** Records for this exercise follows **
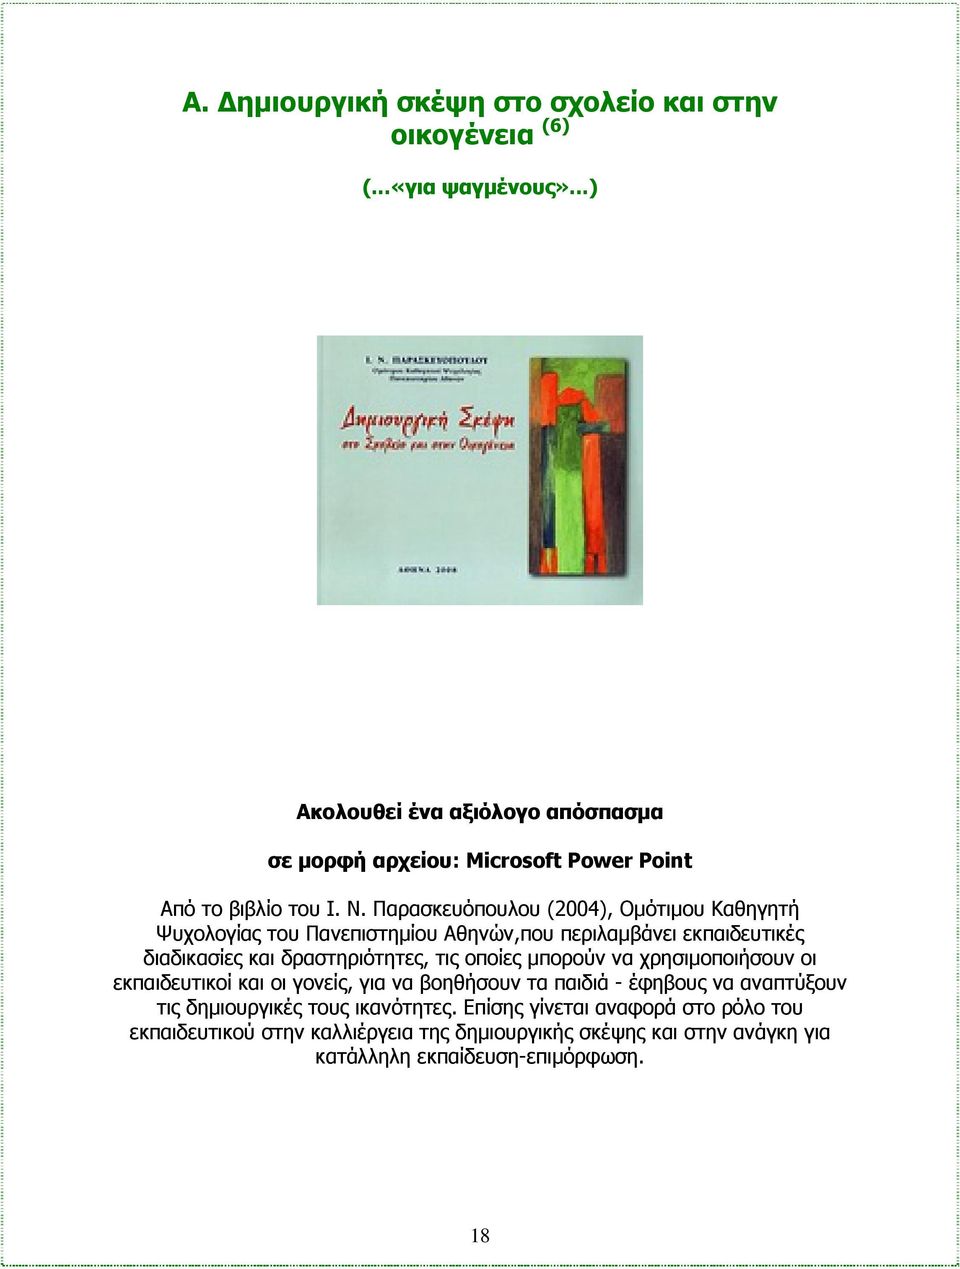 Παρασκευόπουλου (2004), Ομότιμου Καθηγητή Ψυχολογίας του Πανεπιστημίου Αθηνών,που περιλαμβάνει εκπαιδευτικές διαδικασίες και δραστηριότητες, τις οποίες
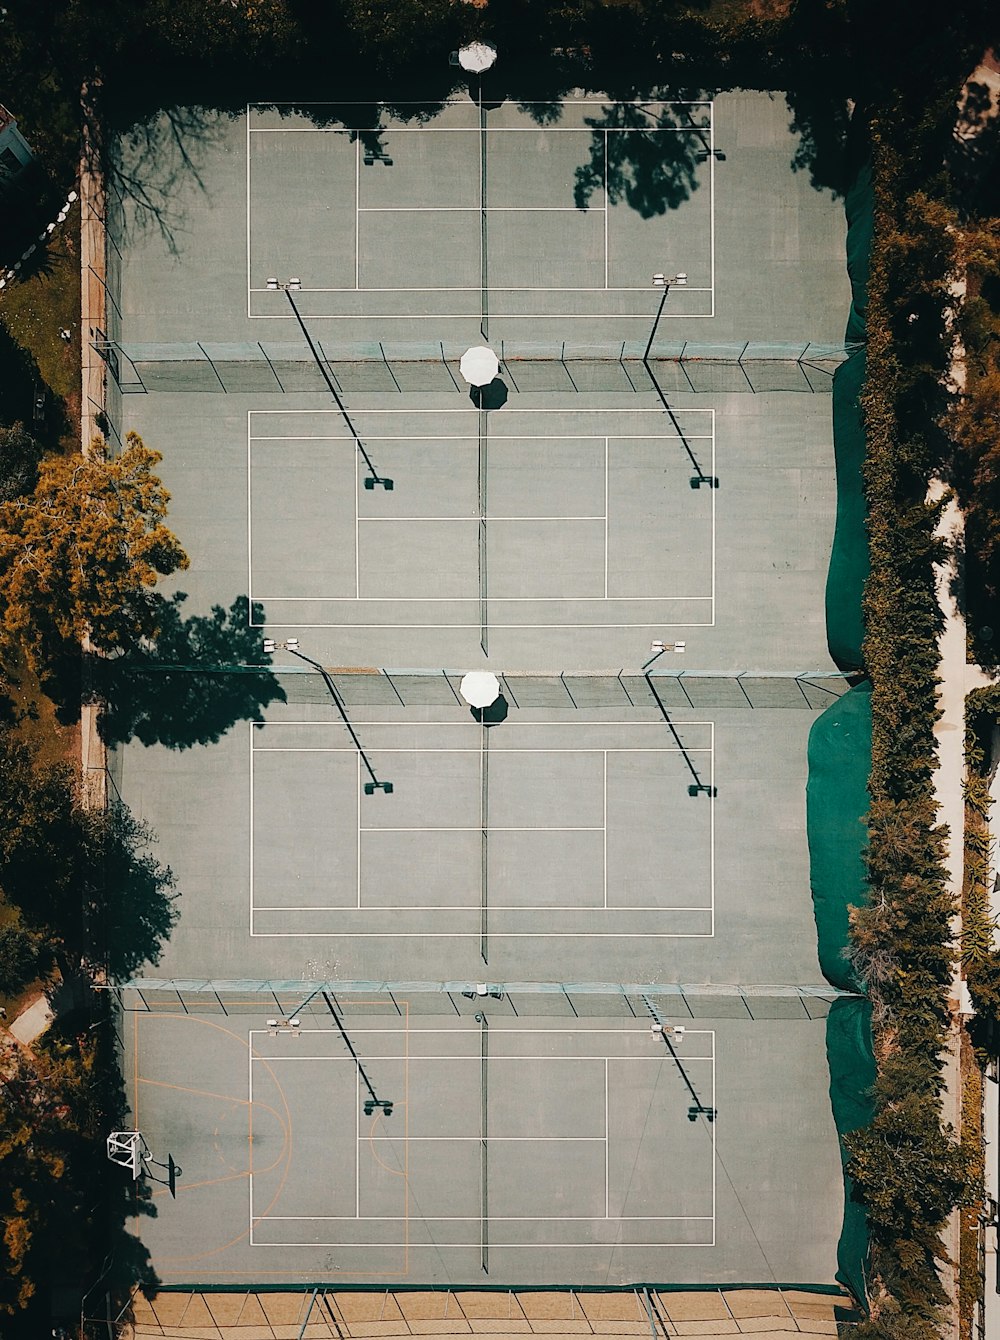 fotografia aerea del campo di gioco circondato da aranci
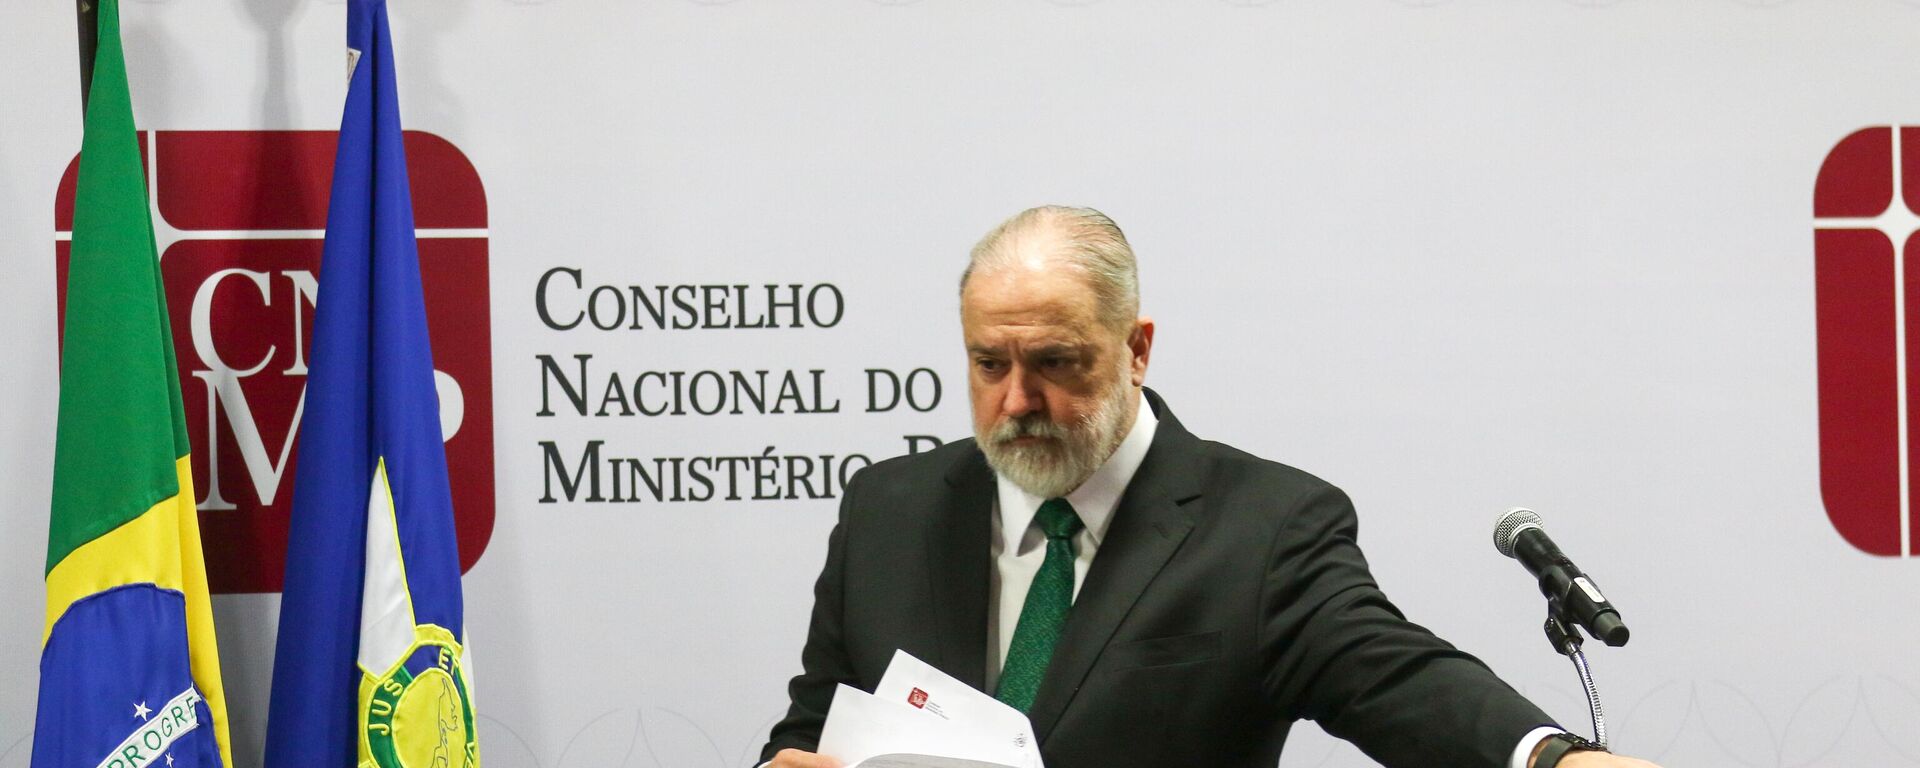 Augusto Aras participa de sua última sessão no Conselho Nacional do Ministério Público (CNMP) como procurador-geral da República, em 25 de setembro de 2023 - Sputnik Brasil, 1920, 25.09.2023
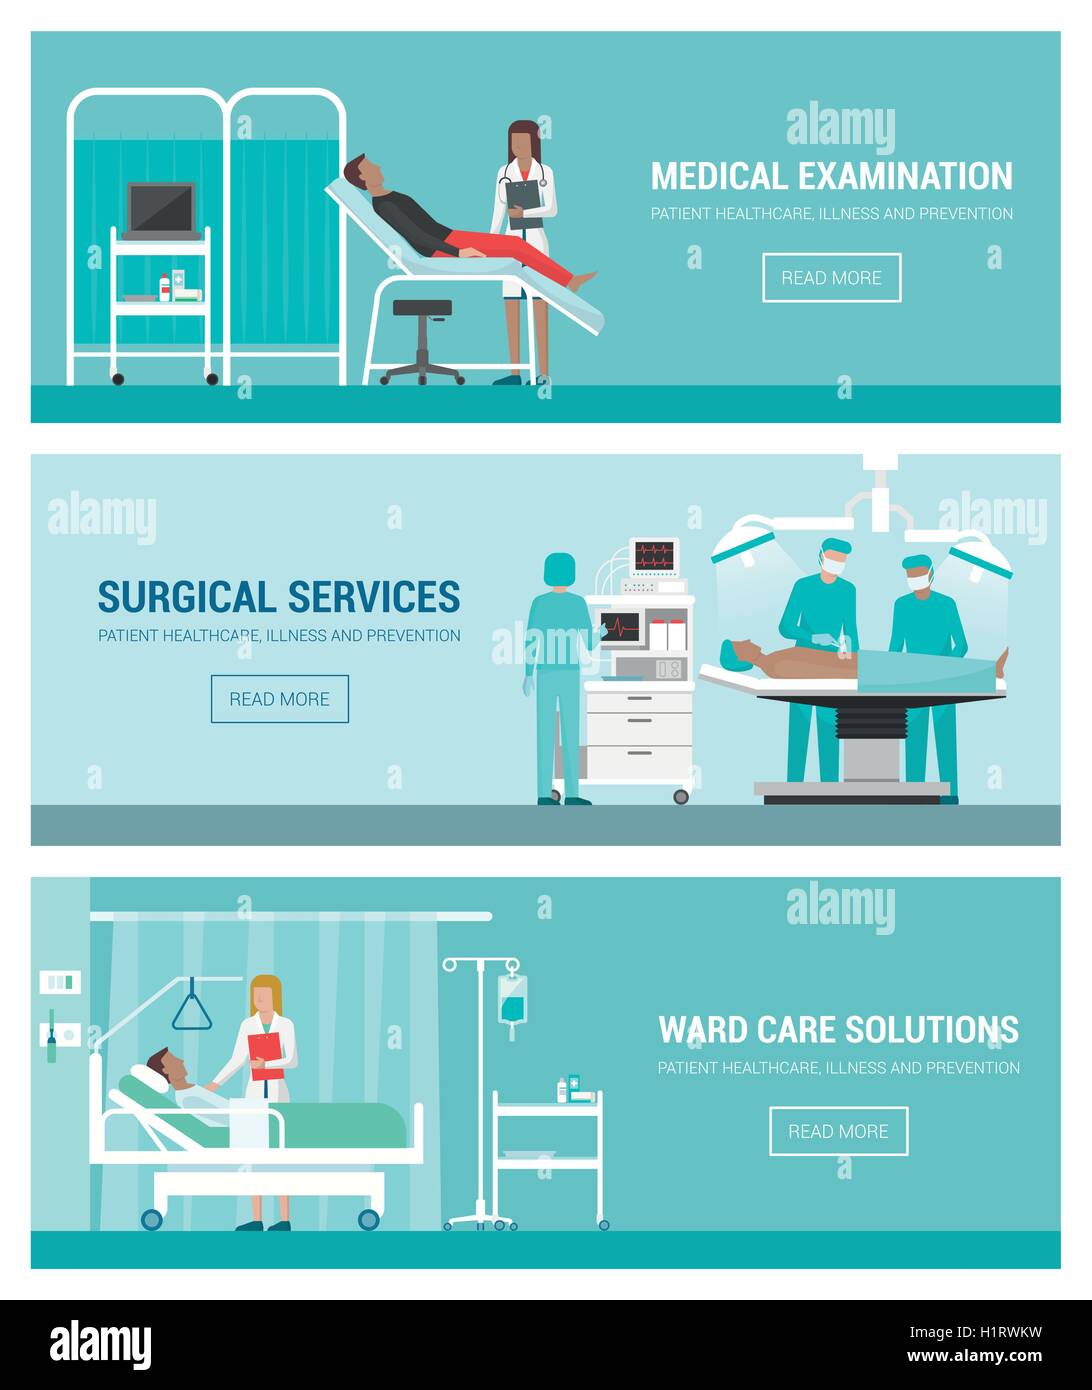 Krankenhaus und Gesundheitswesen Banner gesetzt, ärztliche Untersuchung, Operation, Ward und Ärzte bei der Arbeit mit Patienten Stock Vektor
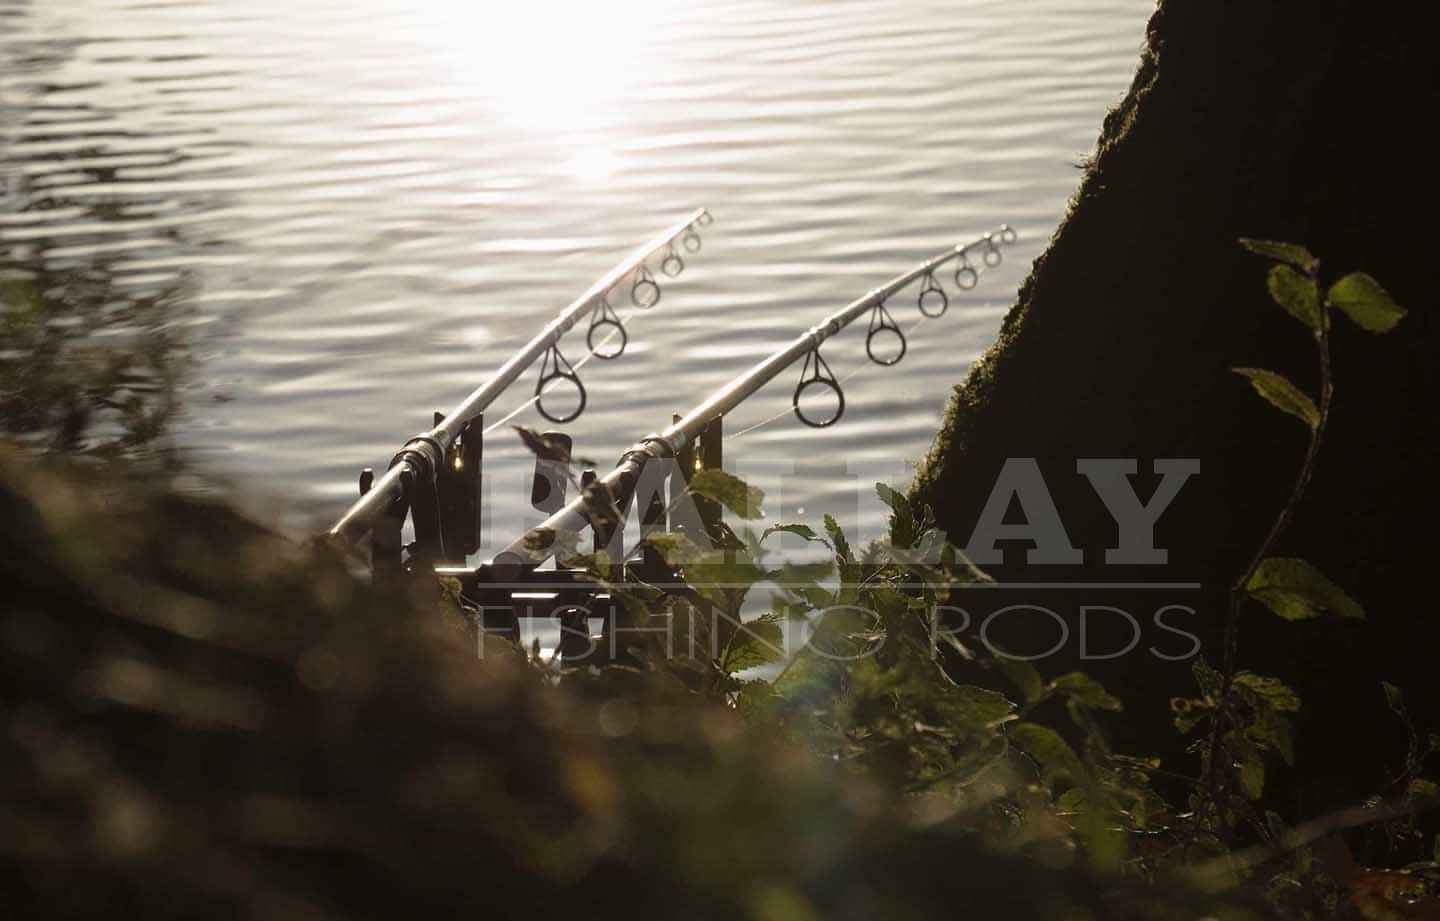 Ballayrods.com - Rybárske prúty na mieru
** End of Records for this exercise **
> _Directions_: Print once more, exactly, the lines from the one with "fotografia aerea del" through the last line of the data, both ends included, without any pictures.

> _Response to the exercise_:
 fotografia aerea del campo di gioco circondato da aranci
 Augusto Aras participa de sua última sessão no Conselho Nacional do Ministério Público (CNMP) como procurador-geral da República, em 25 de setembro de 2023 - Sputnik Brasil, 1920, 25.09.2023
 Krankenhaus und Gesundheitswesen Banner gesetzt, ärztliche Untersuchung, Operation, Ward und Ärzte bei der Arbeit mit Patienten Stock Vektor
 Ballayrods.com - Rybárske prúty na mieru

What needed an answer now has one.